For the future, the newly commissioned instrument HiCIAO at Subaru will boost the approach of this team (see December 26, 2007 News Release). The high dynamic range instrument also will have powerful reinforcement with Subaru’s new generation AO system with 188 elements and laser guide star (see November 20, 2006 News Release). The astronomers are hoping to resolve the detailed structure of disks and analyze the size and composition of the dust within. The team will narrow their targets before observations start at ALMA (Atacama Large Millimeter Array) or the next generation large telescopes.

This discovery is reported in the Astrophysical Journal Letters in its January 20, 2008 issue, Volume 673, page L67.


Note 1: Team members are in the Graduate University of the Advanced Studies (SOKENDAI), National Astronomical Observatory, ISAS/JAXA, Nagoya University, Kobe University, and Ibaraki University. This research is supported by Grants-In-Aid for Scientific Research on Priority Areas, "Development of Extra-Solar Planetary Science", from the Ministry of Education, Culture, Sports, Science and Technology (16077101, 16077204), and by JSPS (16340061).

Note 2: More massive protostellar disks show more diverse structures, as revealed by CIAO/Subaru, such as the spiral structure or a pair of arches.
Spiral pattern in the protostellar disk
http://www.naoj.org/Pressrelease/2004/04/18/index.html
Pair of arches
http://www.naoj.org/Pressrelease/2006/06/27/index.html

Note 3: Astronomical unit (= 1 AU) is the mean distance between the Sun and the Earth, 150 million kilometers, or approximately 95 million miles.

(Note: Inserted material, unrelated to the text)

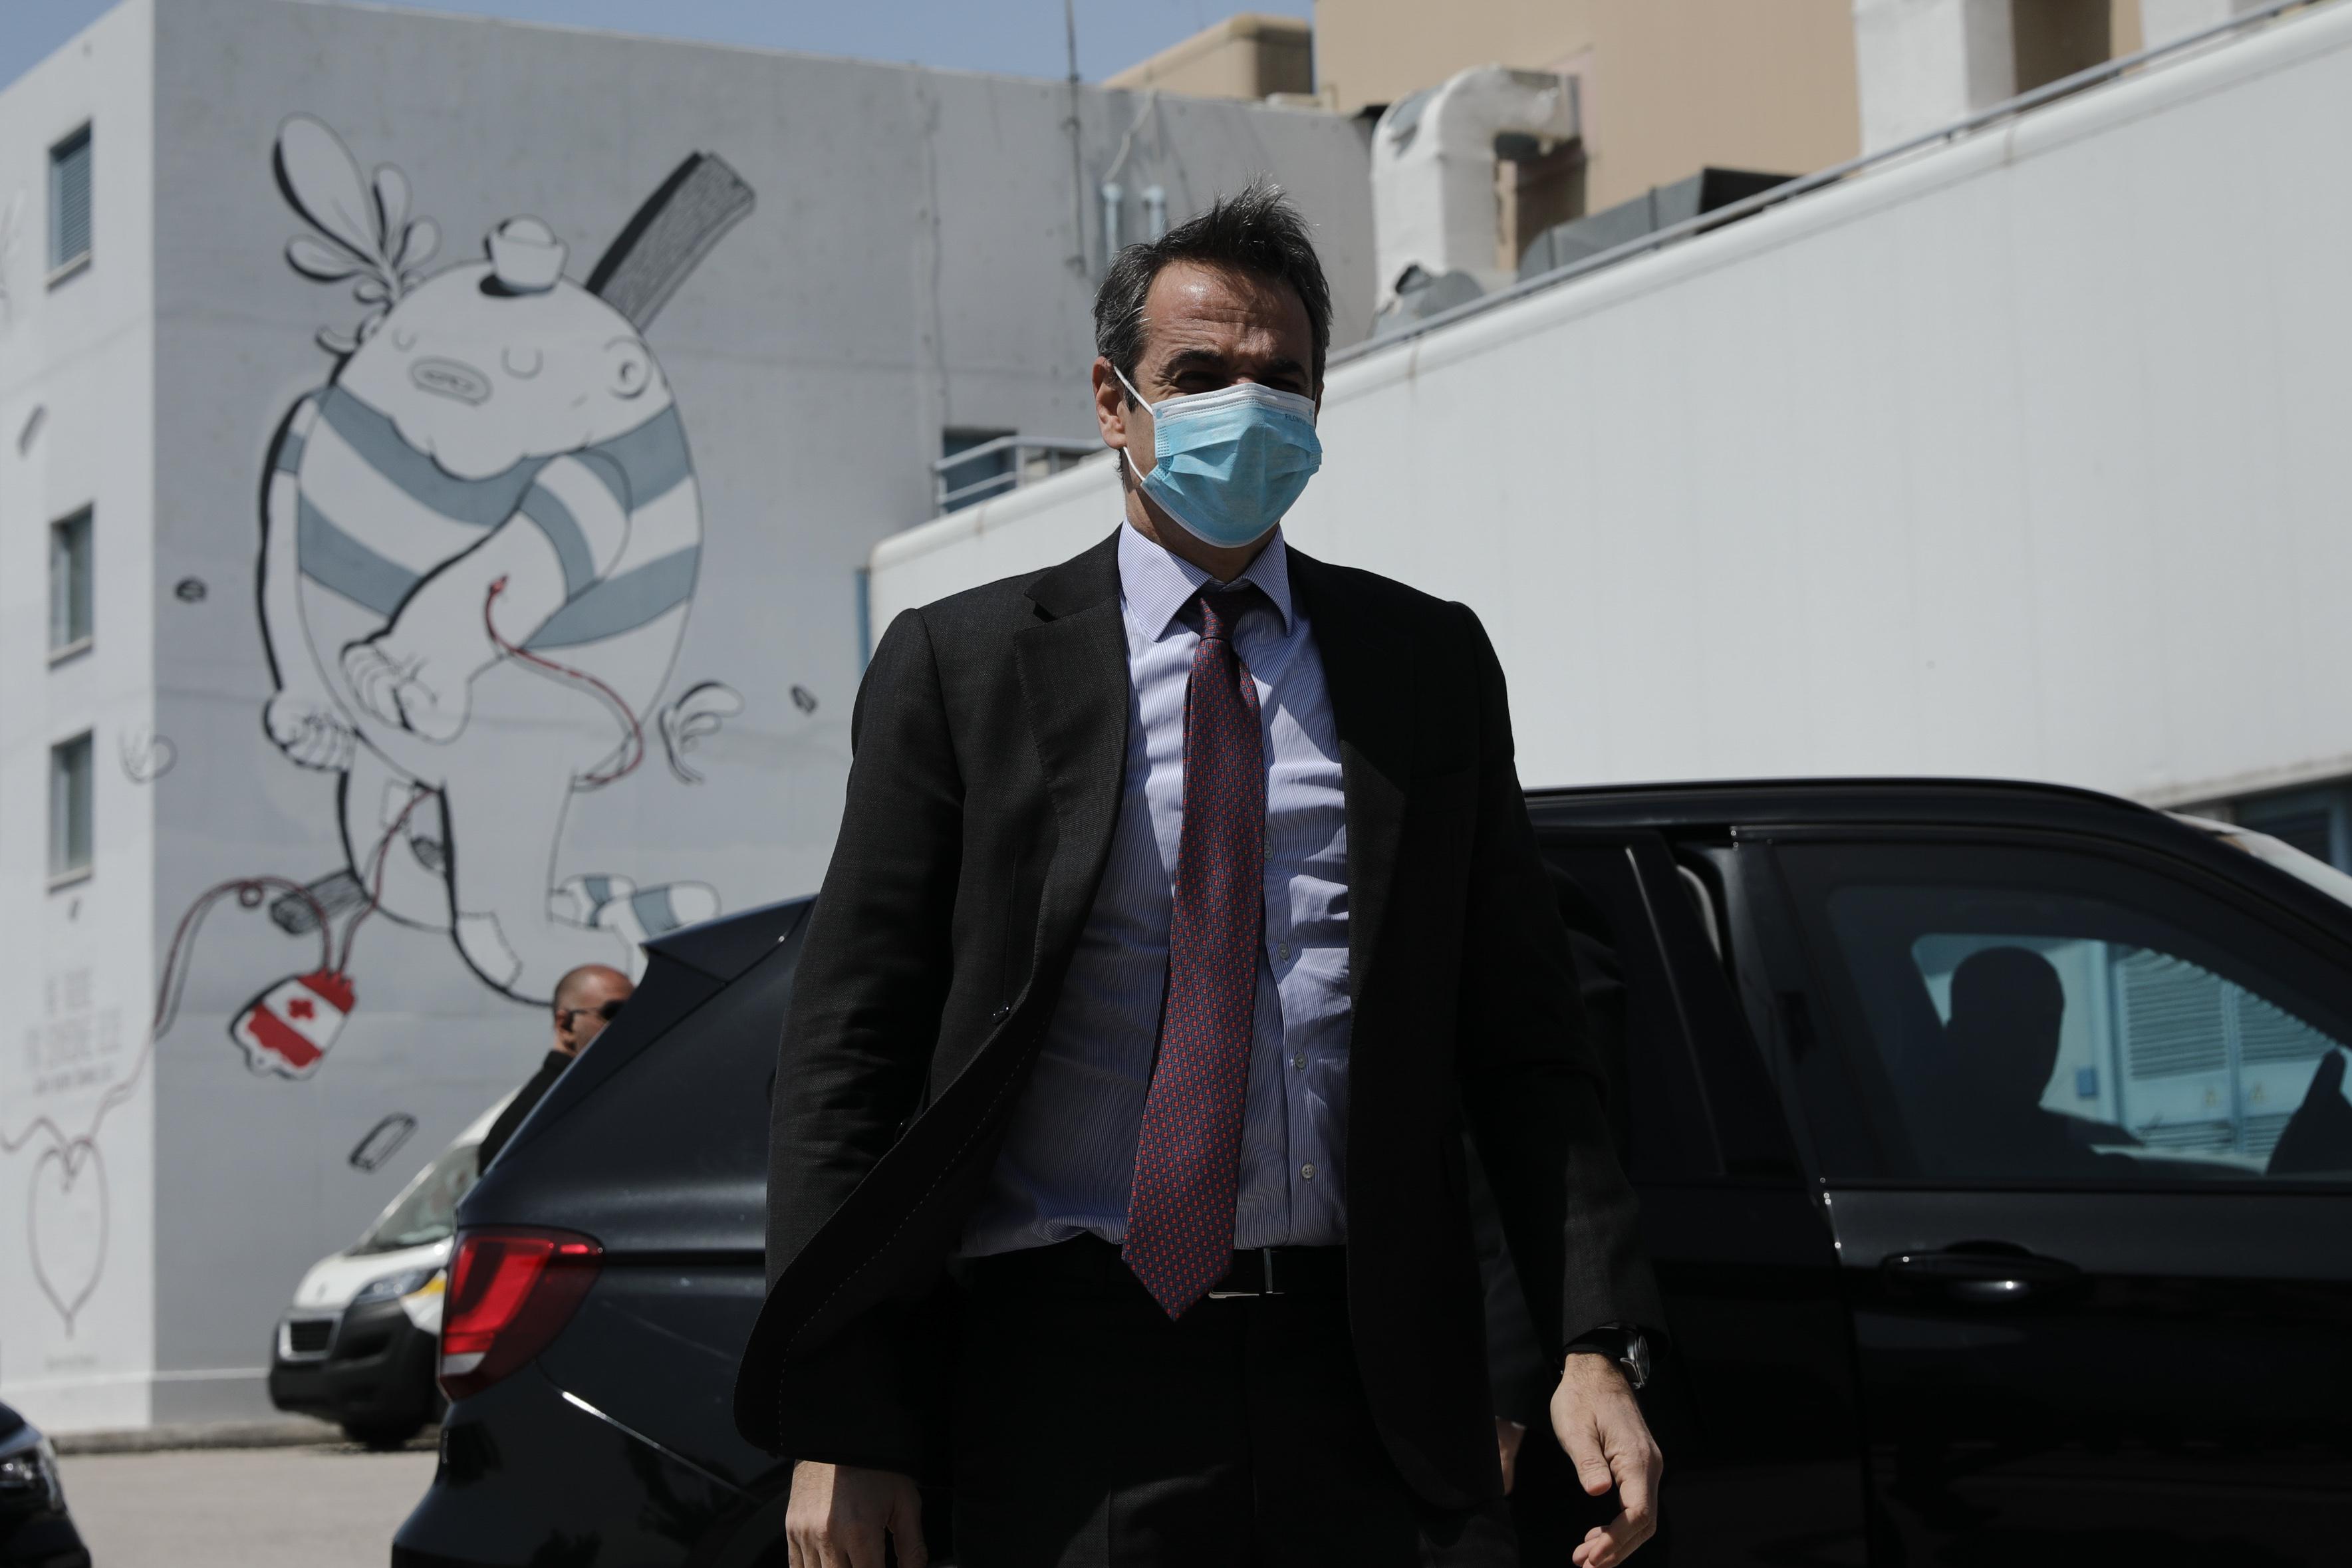 Πώς χρησιμοποιούμε τη μάσκα από σήμερα – Οδηγίες στο βίντεο που ανήρτησε ο πρωθυπουργός

Note 4: About CIAO at Subaru Telescope
http://www.naoj.org/Introduction/instrument/CIAO.html
About AO (its first generation version - 36 elements - at Subaru Telescope)
http://www.naoj.org/Introduction/instrument/AO.html

Figure 1: FN Tau captured by CIAO instrument mounted on Subaru Telescope. This infrared image taken at 1.6 micron shows an almost face-on circular disk structure. The light from the central star FN Tau itself is blocked by the coronagraph mask. Somewhat symmetrical darker areas are the blocking by the secondary mirror support.


Figure 2: Illustration of the protoplanetary disk around FN Tau. Because central star has only one tenth of the mass of the Sun, its gravity is small and the disk becomes thicker with increasing distance from the central star. Resultantly, the scattering of light from the star is more efficient than that by a flat disk and the disk appears brighter than expected.